What you should do:
Starting at the line with "Neiman Marcus black" and going on through the line with "Pinterest adds measurement, data", reproduce each line in the records below exactly and nothing more.

Records shown:
[Start of Attachment]

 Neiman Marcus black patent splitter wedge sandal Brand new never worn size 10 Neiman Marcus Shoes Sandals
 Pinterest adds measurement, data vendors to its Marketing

[End of Attachment]
[Start of Attachment]

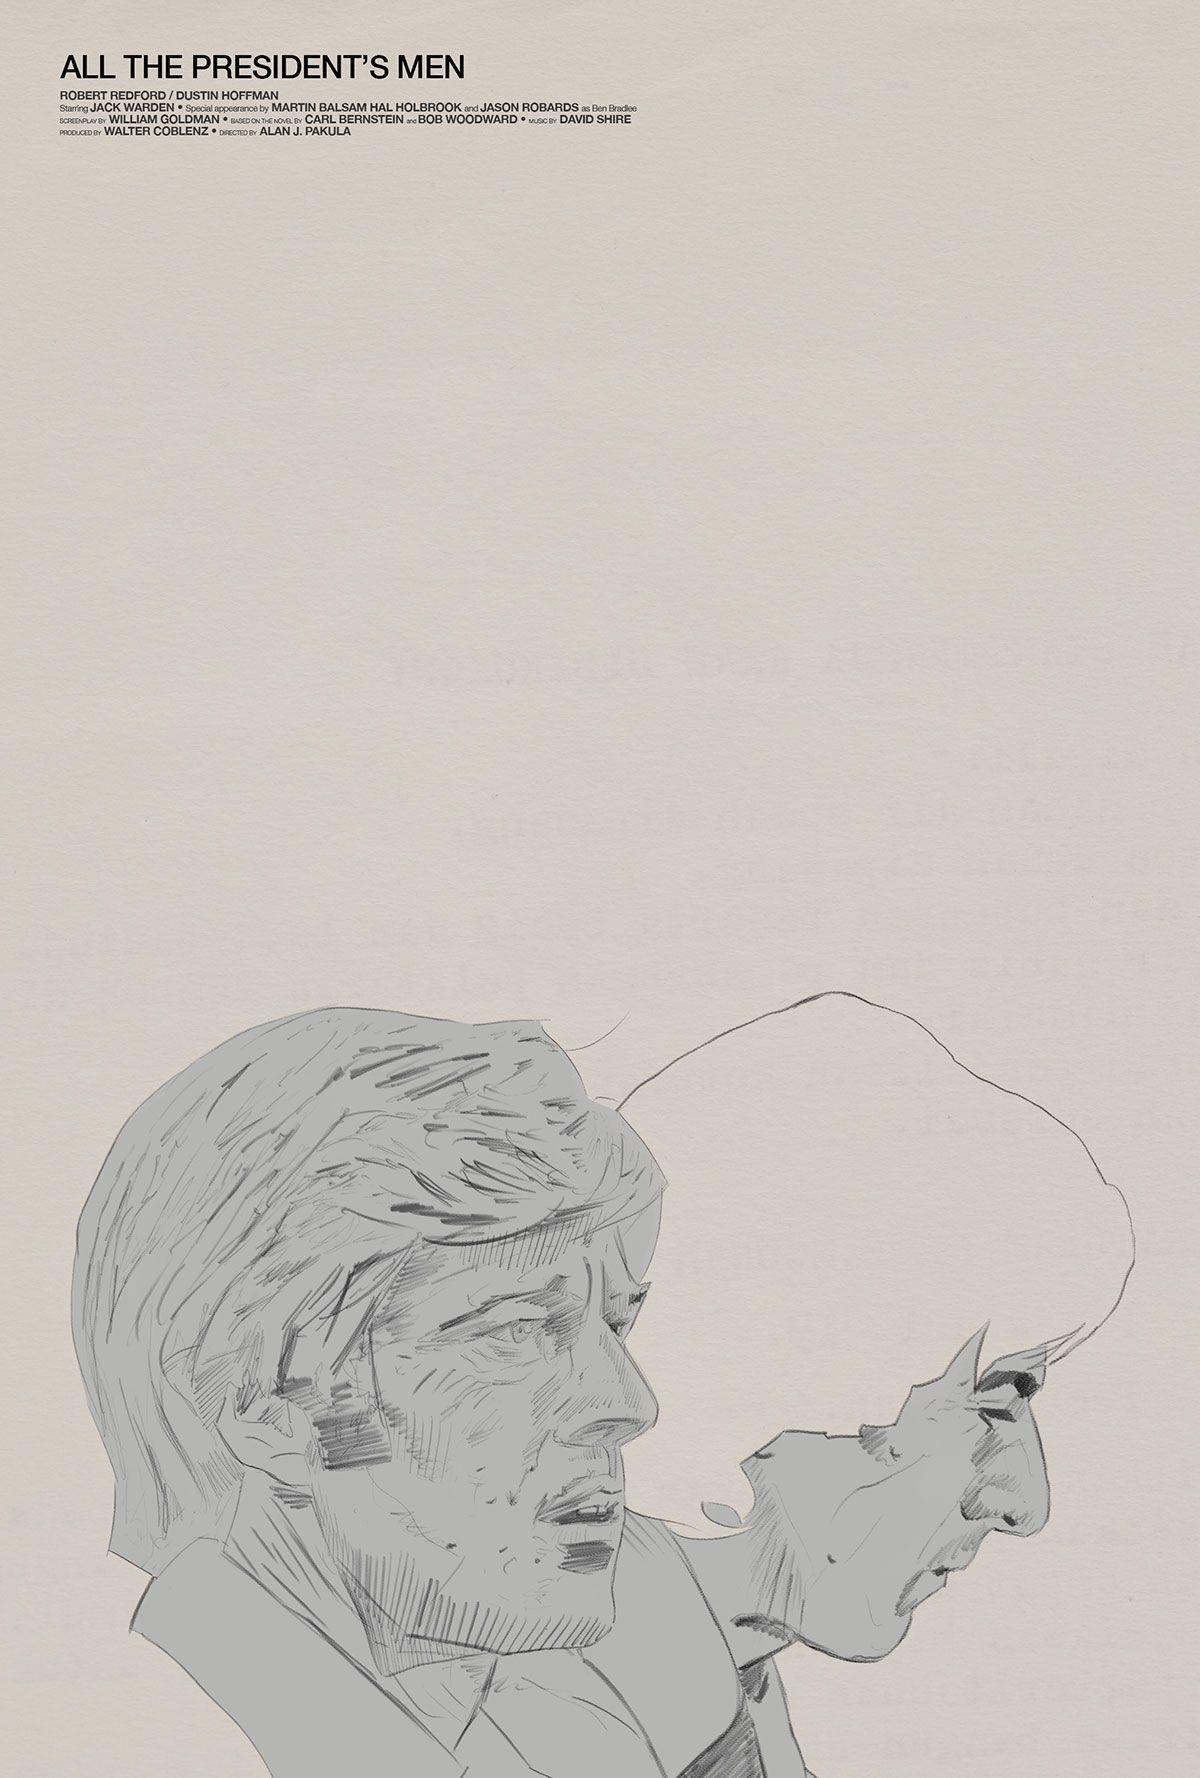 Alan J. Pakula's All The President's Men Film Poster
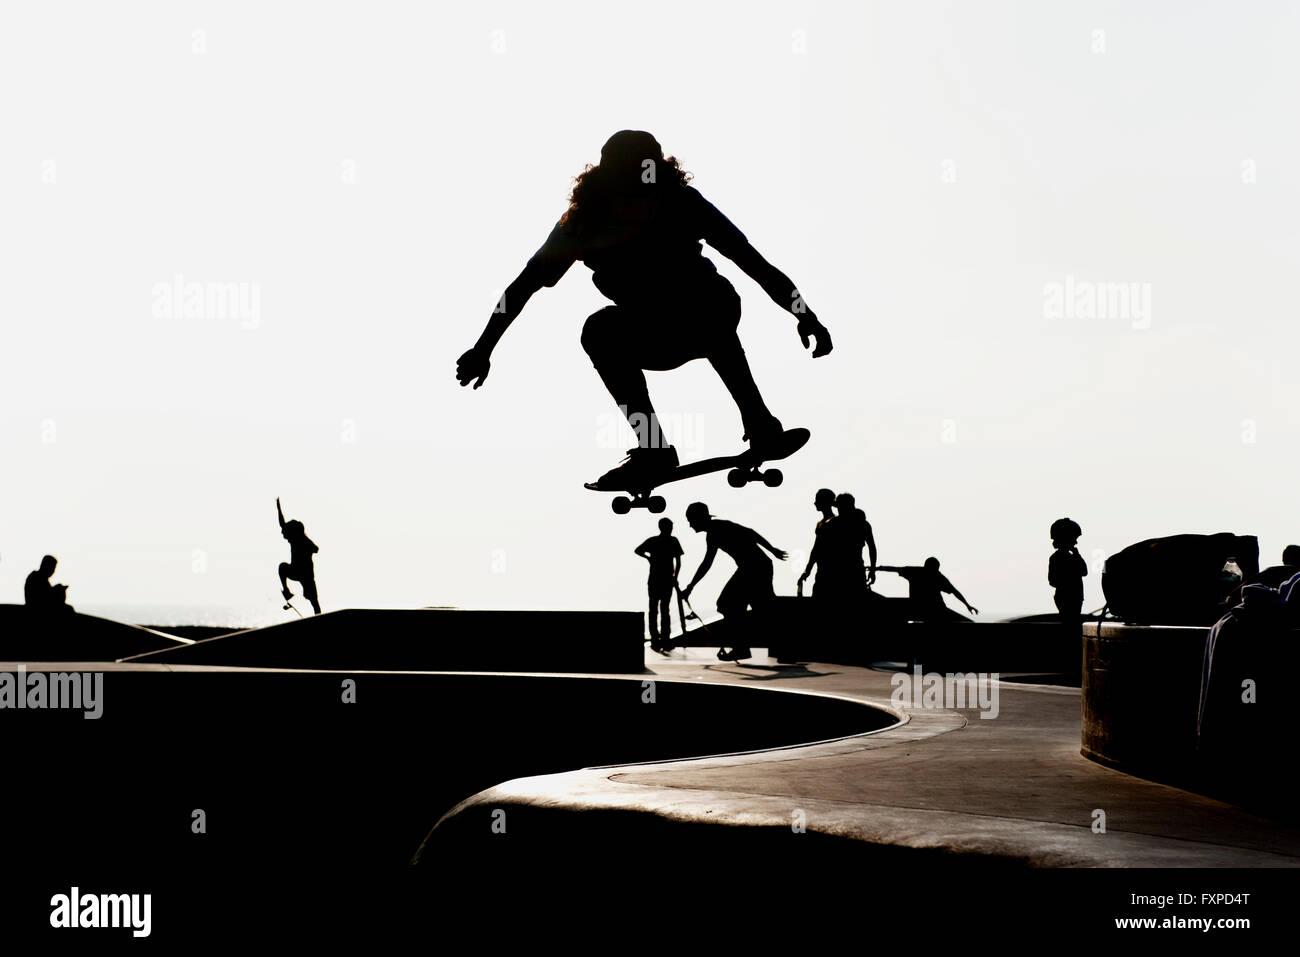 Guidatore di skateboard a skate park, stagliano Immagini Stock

[End of Attachment]
[Start of Attachment]

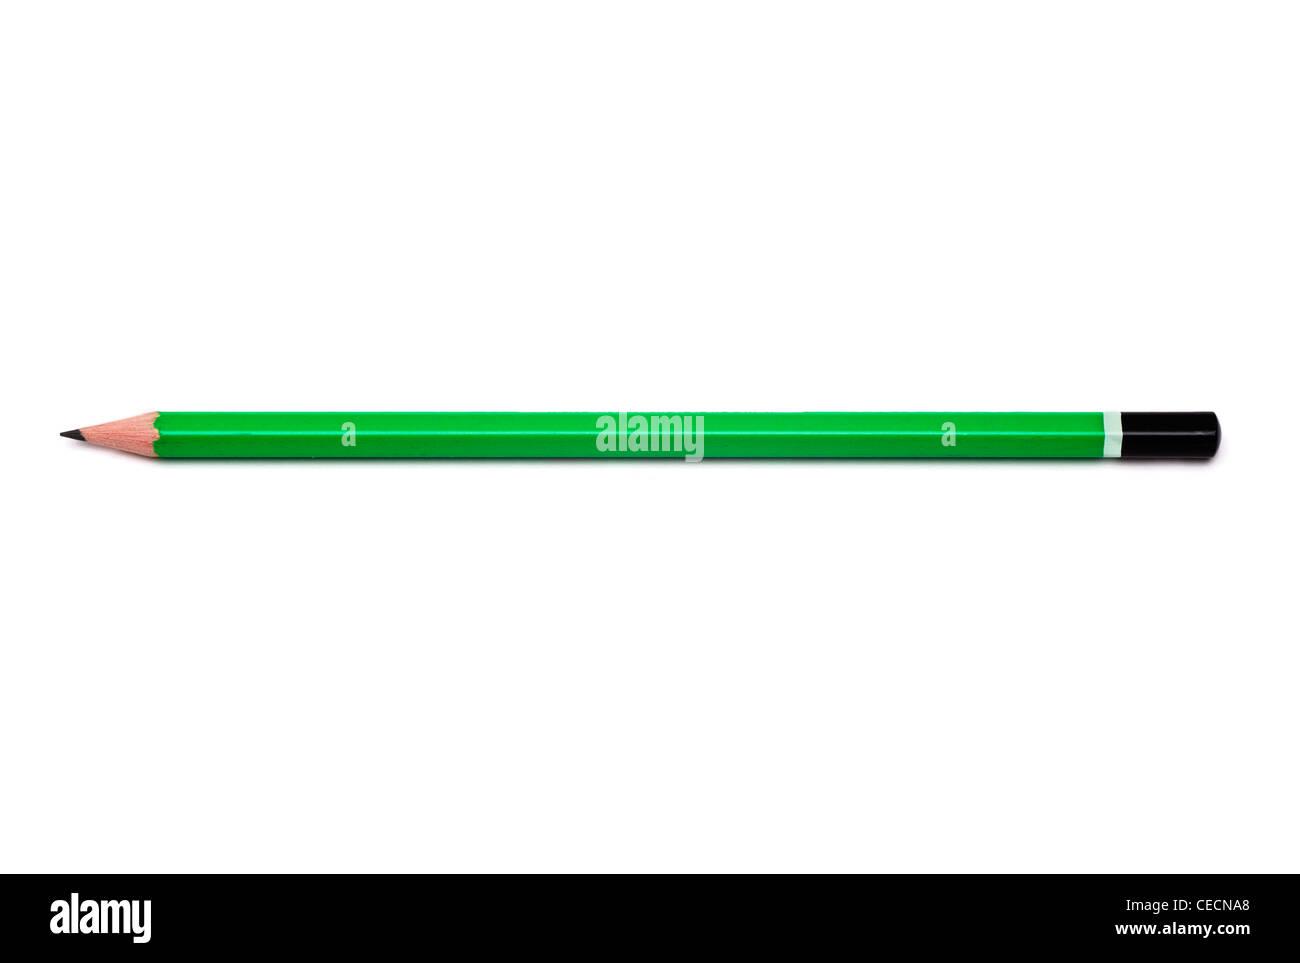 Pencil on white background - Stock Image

[End of Attachment]

Your solution:
 Neiman Marcus black patent splitter wedge sandal Brand new never worn size 10 Neiman Marcus Shoes Sandals
 Pinterest adds measurement, data vendors to its Marketing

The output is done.